When it comes to cost estimating, “Big Data” feels like a blessing. It’s great to have thousands of datapoints to analyze, especially in our data-driven profession. However, if you are the one trying to wrangle messy data into a usable format, it can sometimes feel like a curse!
Lately, my main task has been working with historical data that PRICE® Research has gathered over the years and amalgamating it into a larger, workable database. While I’m excited to see how we can harness old data to help guide future decisions, it has been an arduous task. The data I’m currently working with is structured in flat files (Excel worksheets) with over 100 columns each. The data needs to be checked for quality, normalized, and then placed into a standard format. My biggest challenge is developing a procedure to handle these files to create a homogenous database that is transparent, easy to navigate, and accessible for all customers, while also preparing for ingesting future data.
Part of creating the correct methodology is finding the right tools to do the work. The types of applications I’m looking at perform what it is normally called Extract Transform Load (ETL). I have compared about a dozen tools that perform ETL. Many, such as Stitch, were meant for performing simple ETL on data stored in the cloud or cloud-based applications. Others such as RapidMiner, Alteryx, and Informatica, are more complex and can perform many pre-established operations.
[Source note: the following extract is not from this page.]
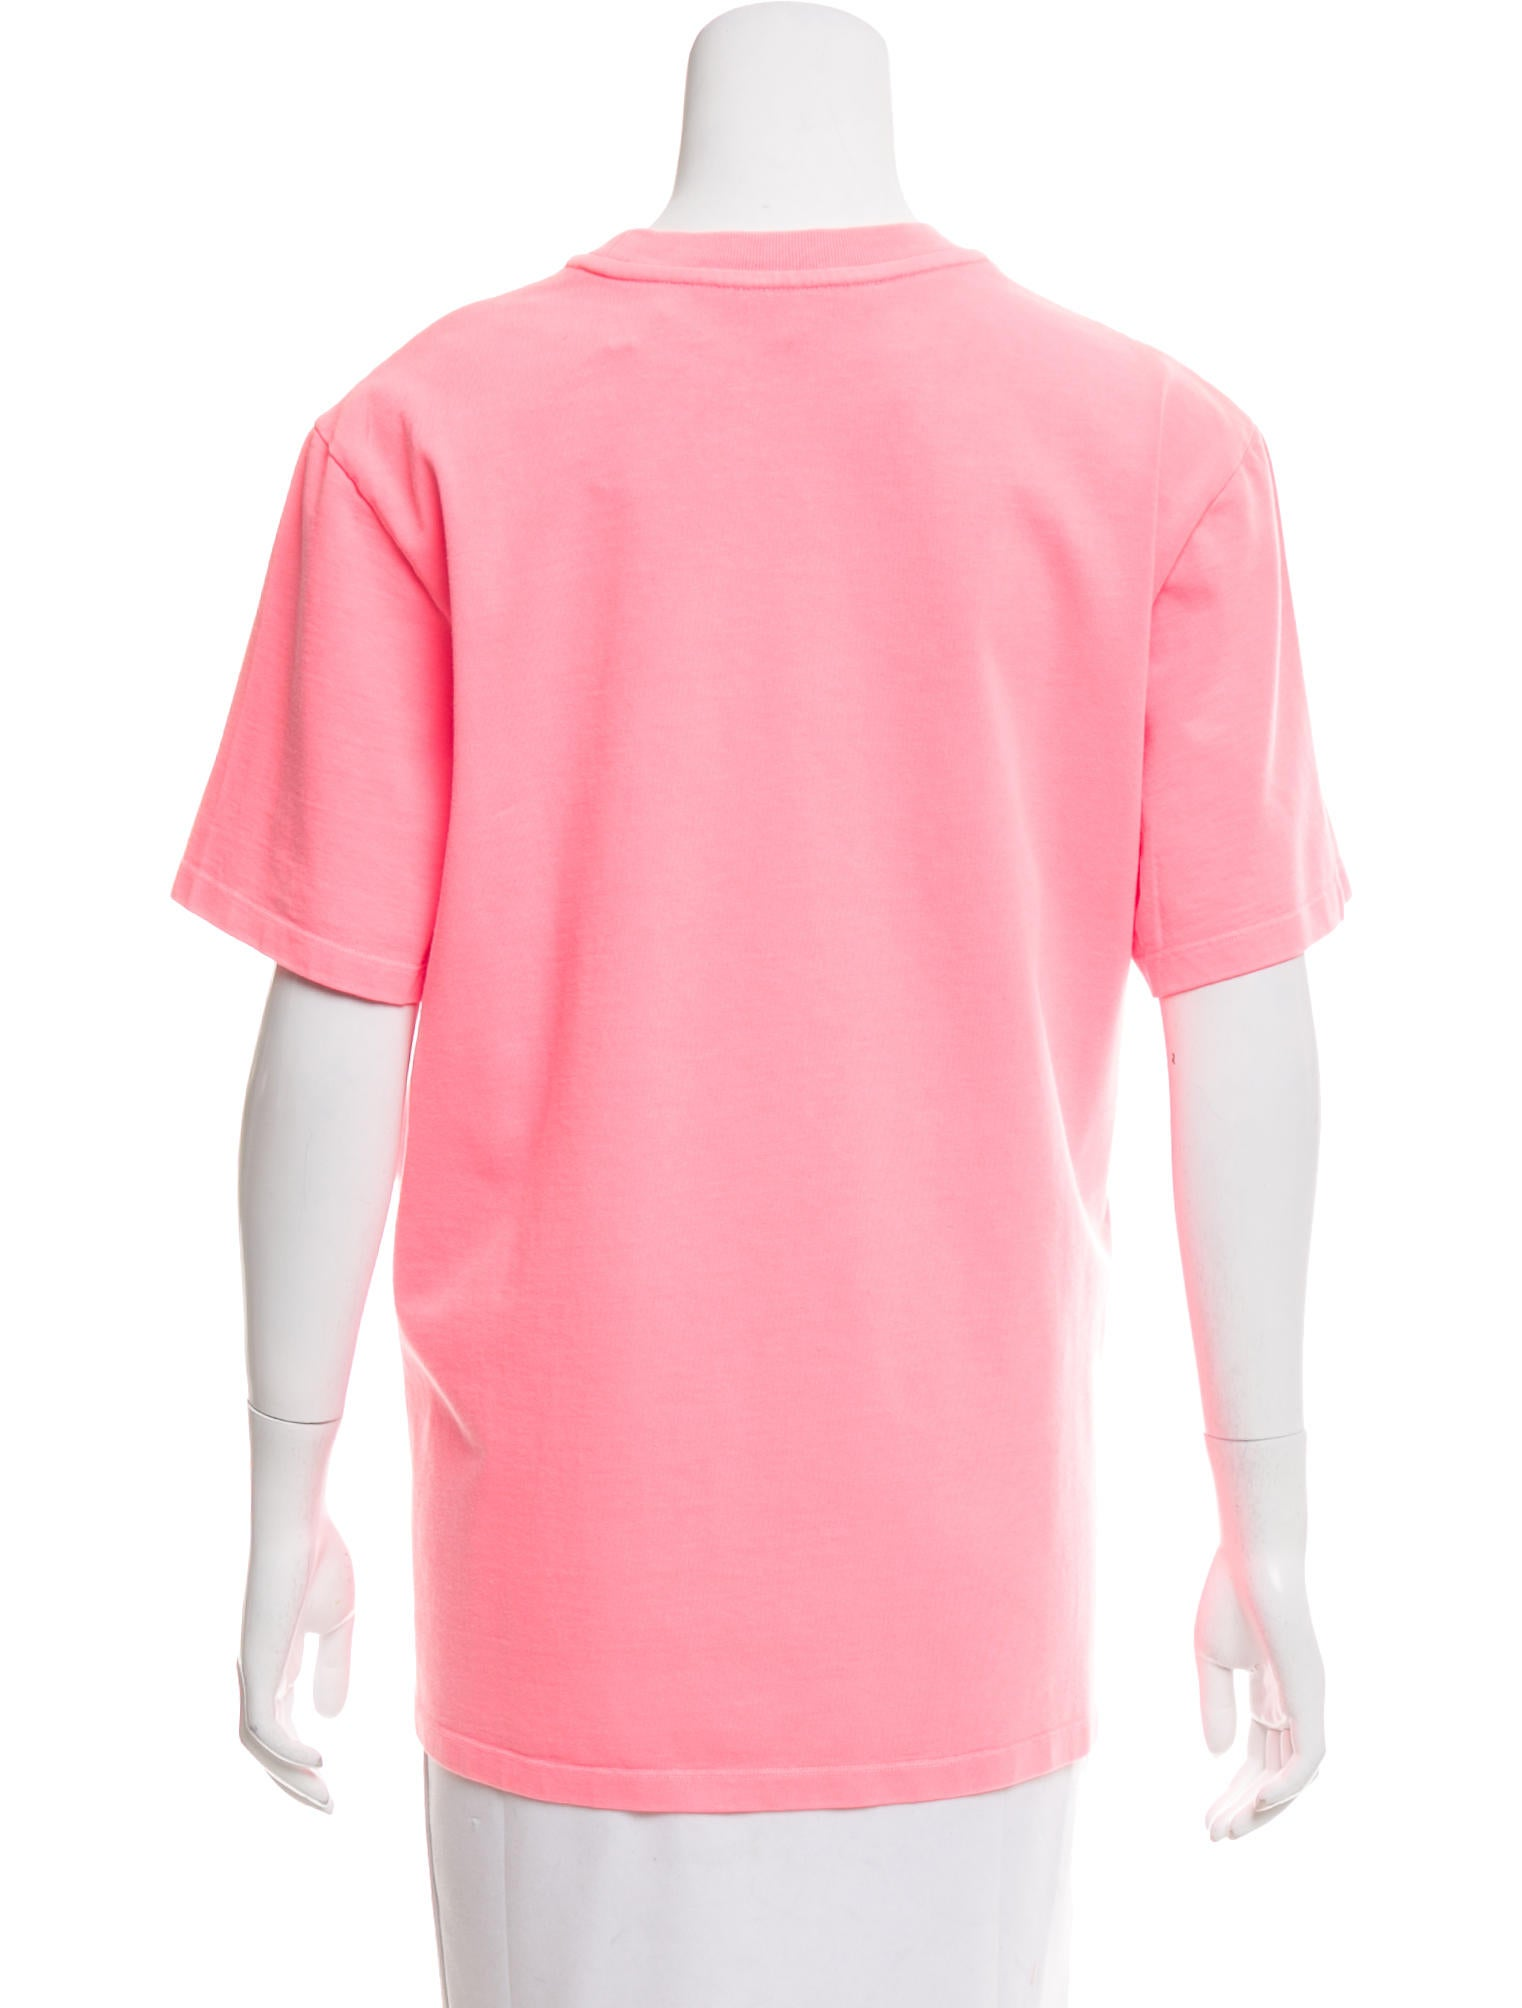 Alexander wang mild detergent oversize top clothing for Best detergent for dress shirts

However, these programs are most useful when the data sources come in a fixed format and are refreshed on a consistent schedule, such as daily or monthly. This is not my goal; most data sources will be updated sparingly (perhaps once a year) if at all. Each data source will come in a different format and structure, so a unique ETL process must be created. In addition, we will most likely encounter a situation where we need custom scripts written in a programming language to do some of the work for us.
Therefore, these paid software applications do not add much more value than software that we already have access to such as Microsoft Power Query and Python. So far, I have decided to work with Power Query and Python, but as I encounter new challenges on this project, I may change my mind.